■ **DATA EXTRACT**:
· · · · ·

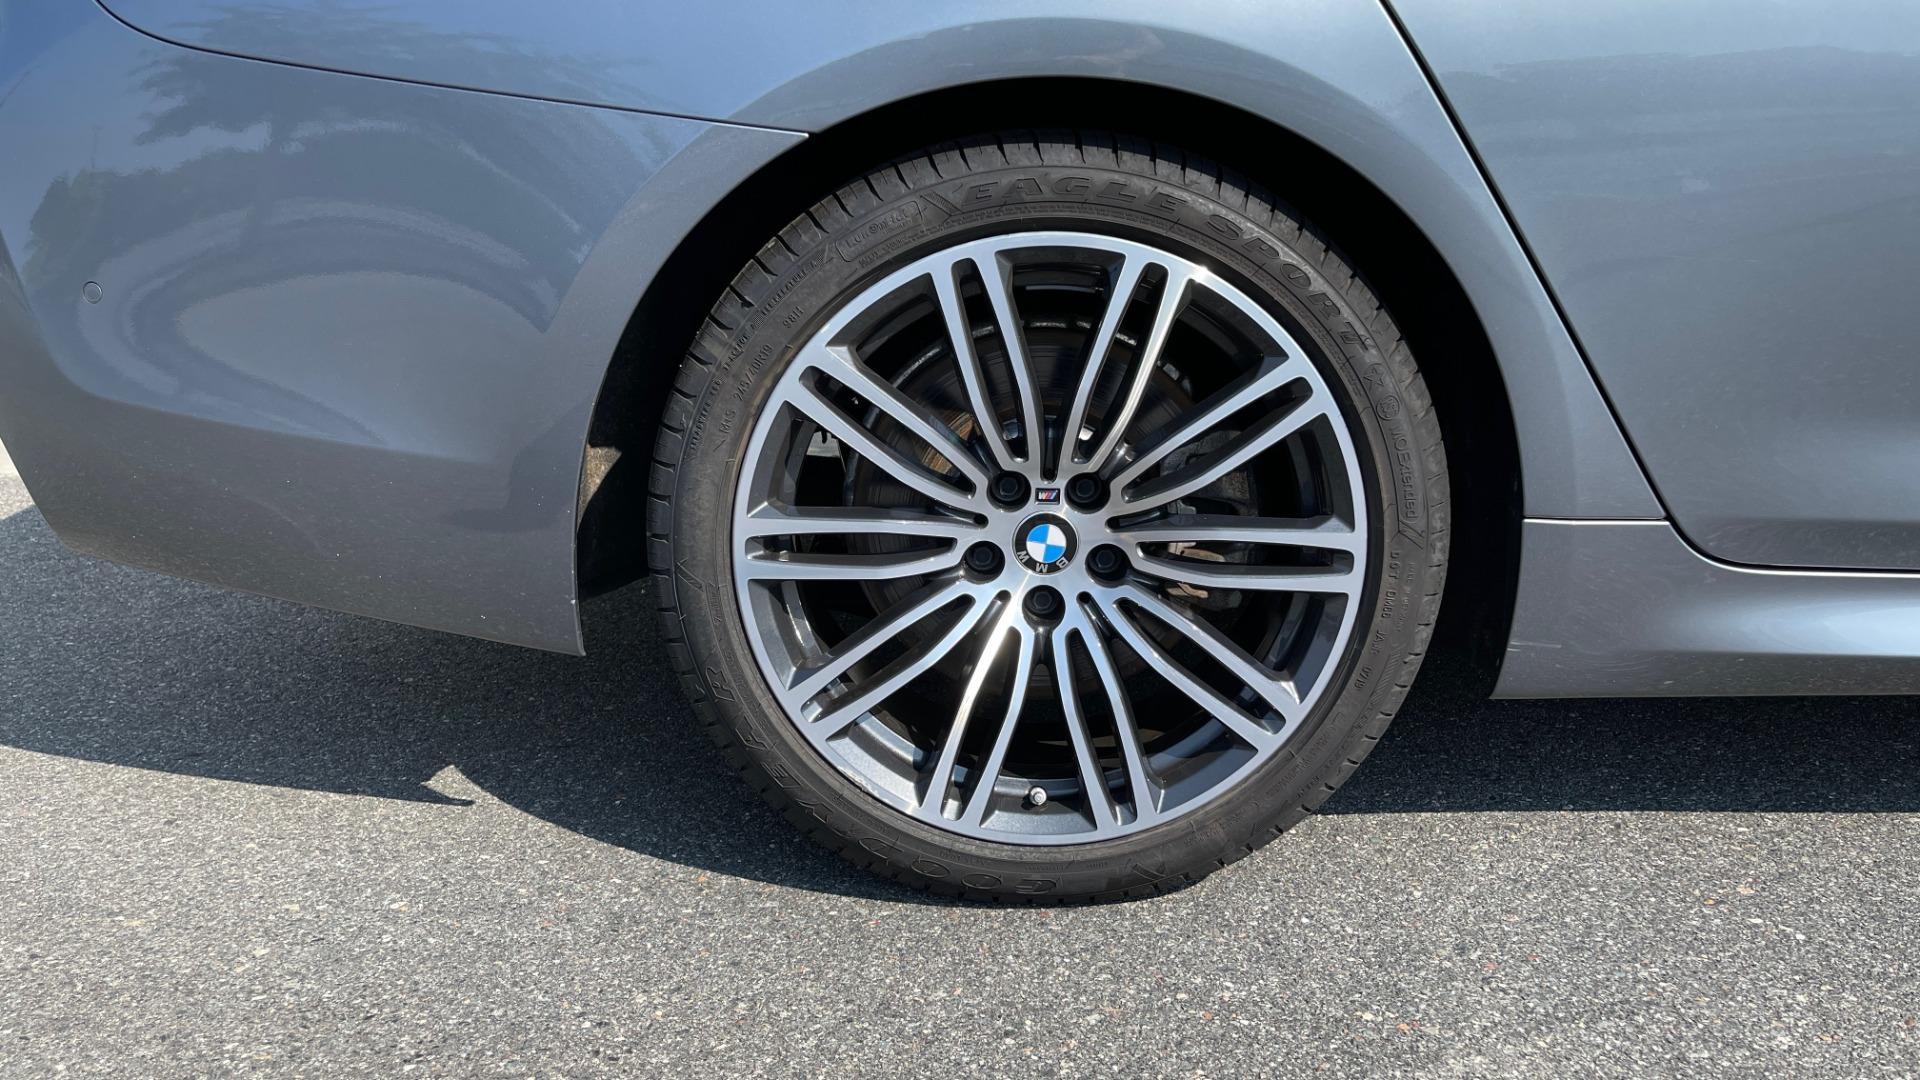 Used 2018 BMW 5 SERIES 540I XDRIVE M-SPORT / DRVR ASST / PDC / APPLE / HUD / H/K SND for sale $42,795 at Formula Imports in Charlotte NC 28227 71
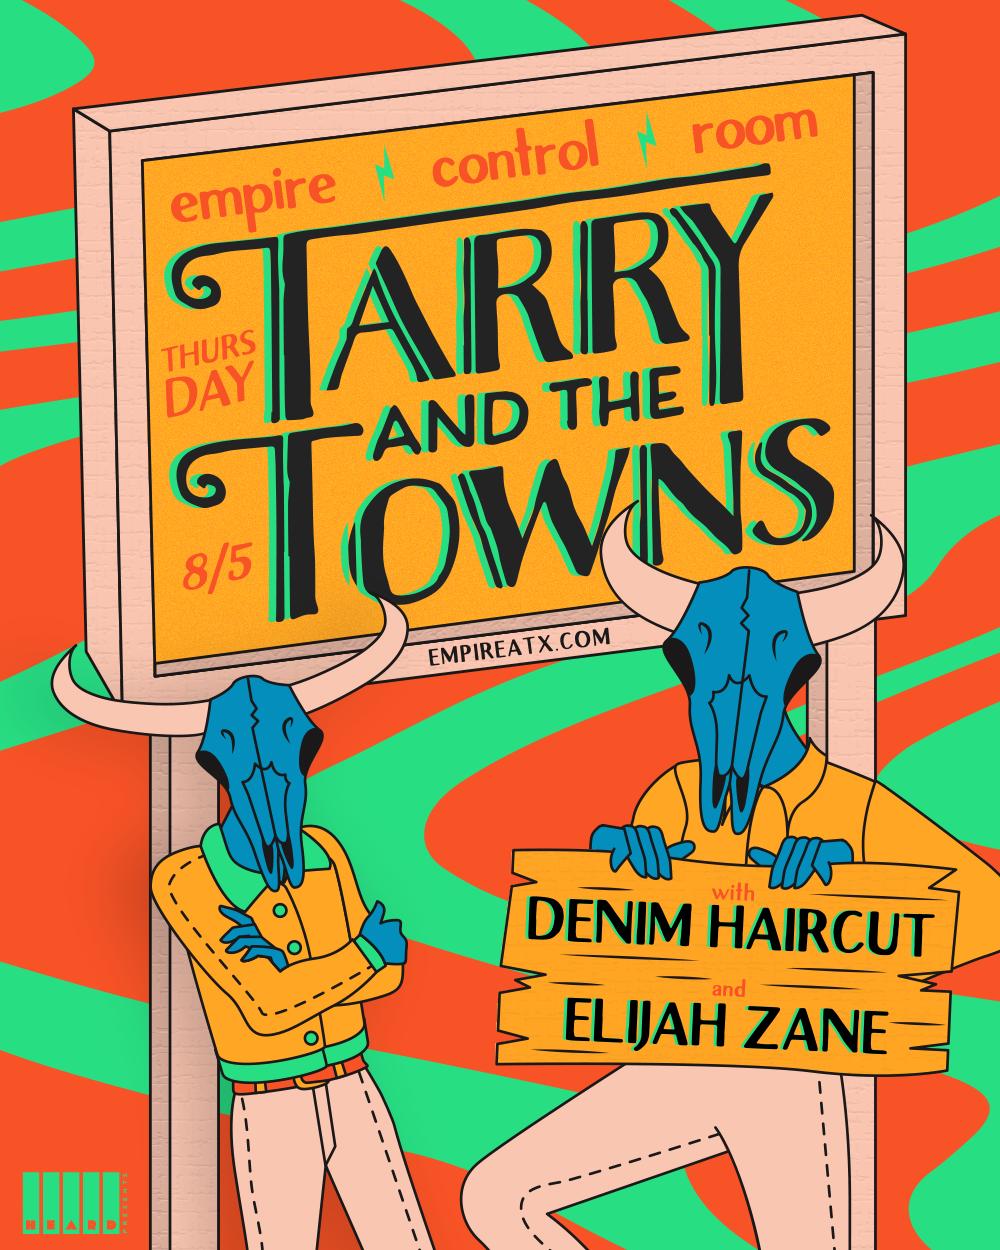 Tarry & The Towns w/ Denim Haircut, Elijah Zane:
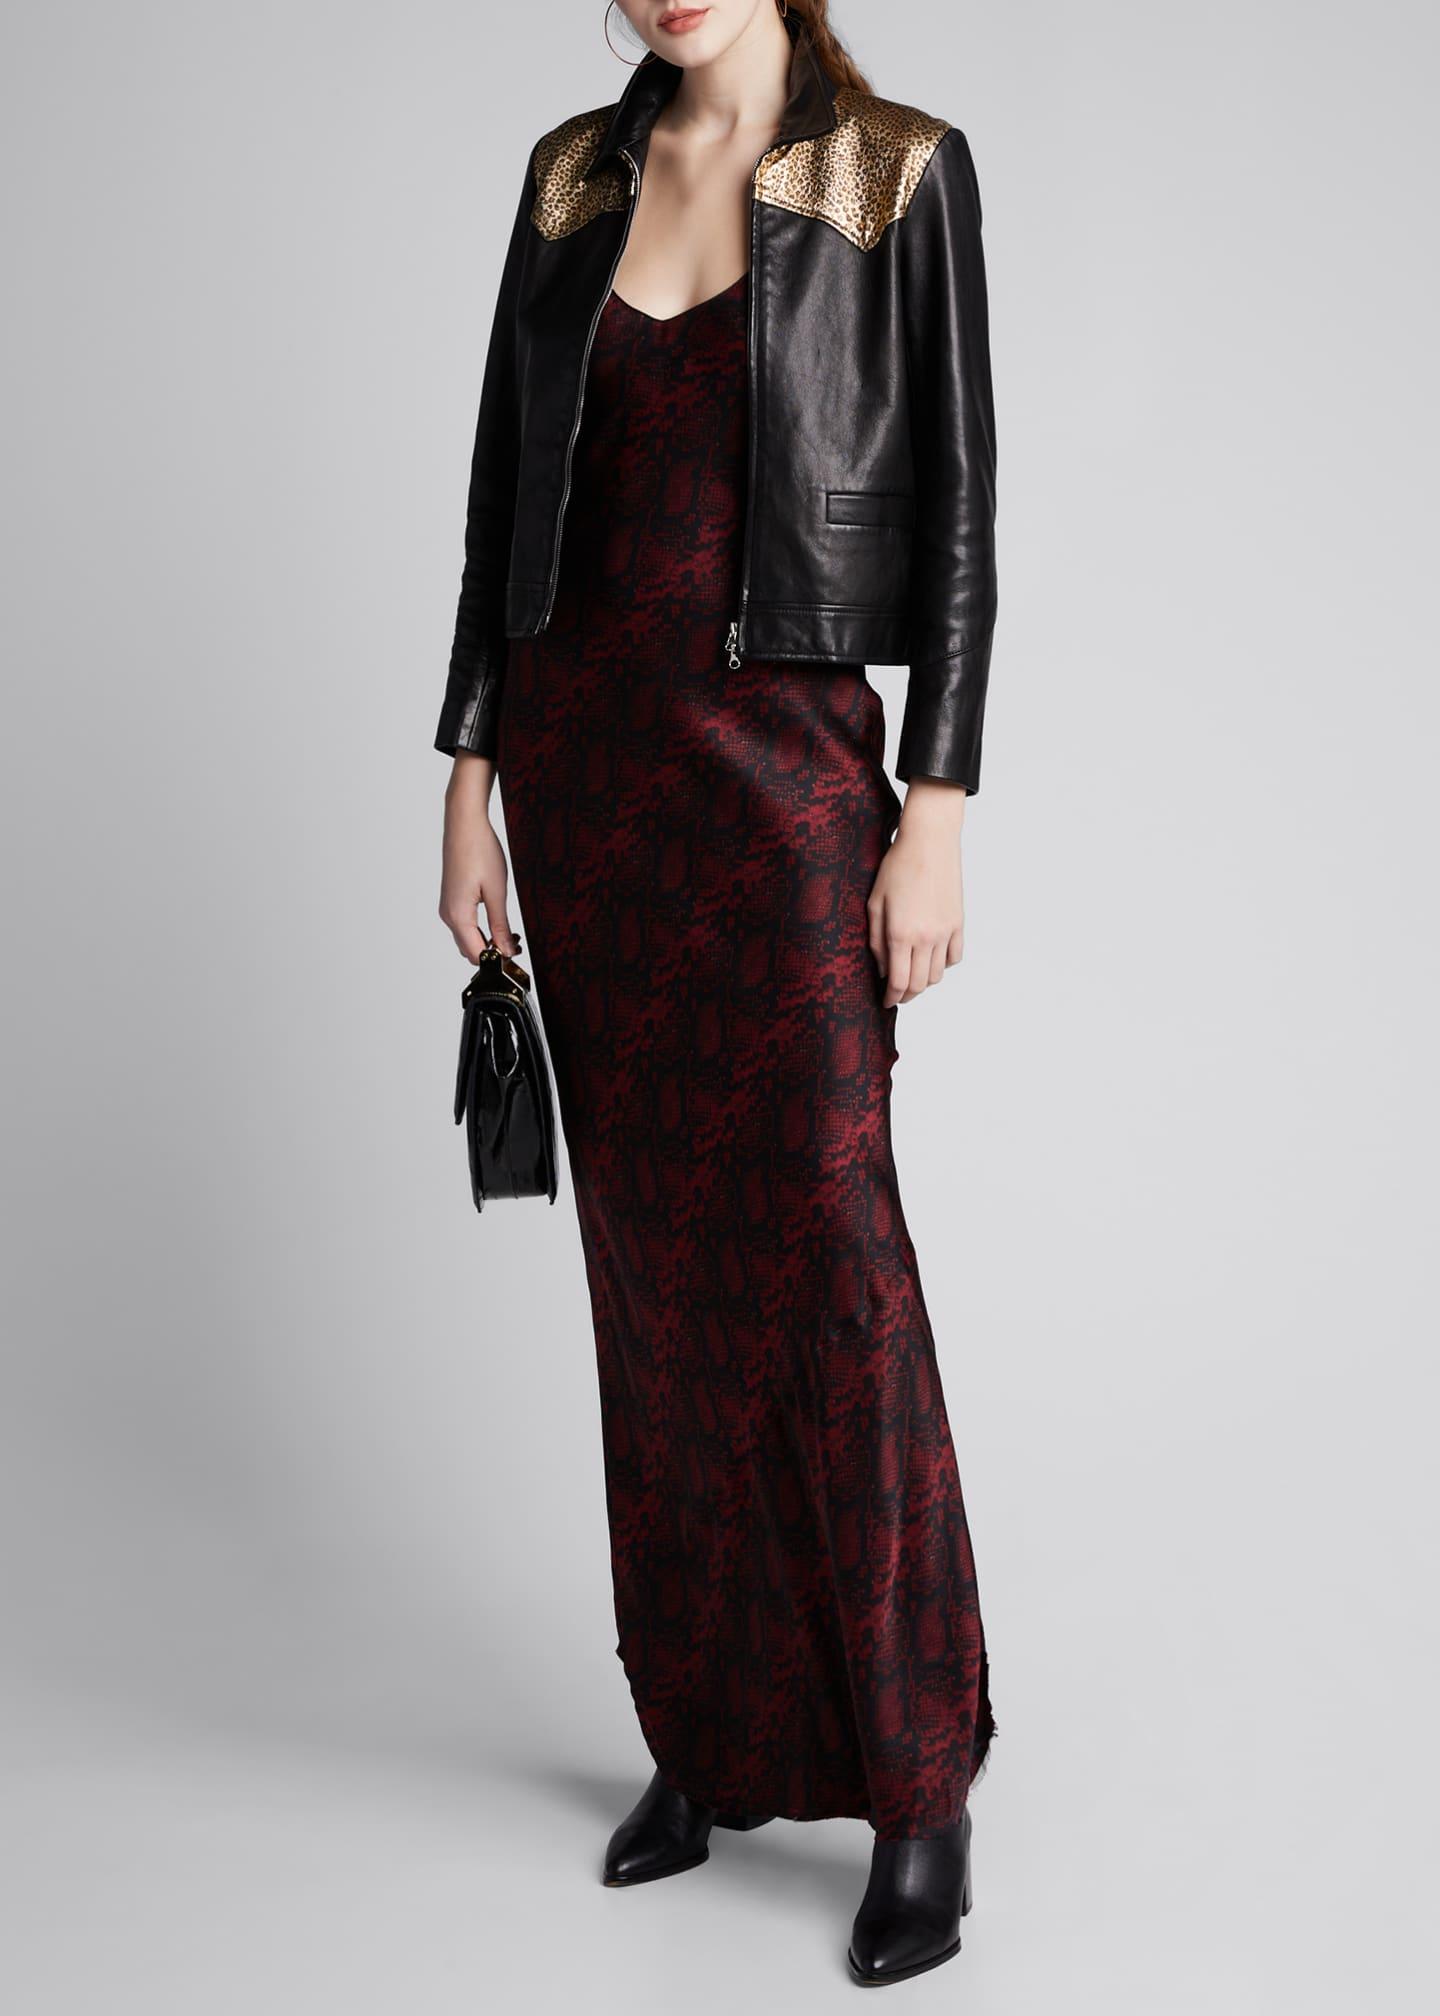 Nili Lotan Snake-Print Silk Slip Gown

· · · · ·

■ **ABOUT THIS EXERCISE**: Retype all of the material above exactly; the pictures stay out.

■ **RESPONSE BOX**:
 Used 2018 BMW 5 SERIES 540I XDRIVE M-SPORT / DRVR ASST / PDC / APPLE / HUD / H/K SND for sale $42,795 at Formula Imports in Charlotte NC 28227 71
 Tarry & The Towns w/ Denim Haircut, Elijah Zane:
 Nili Lotan Snake-Print Silk Slip Gown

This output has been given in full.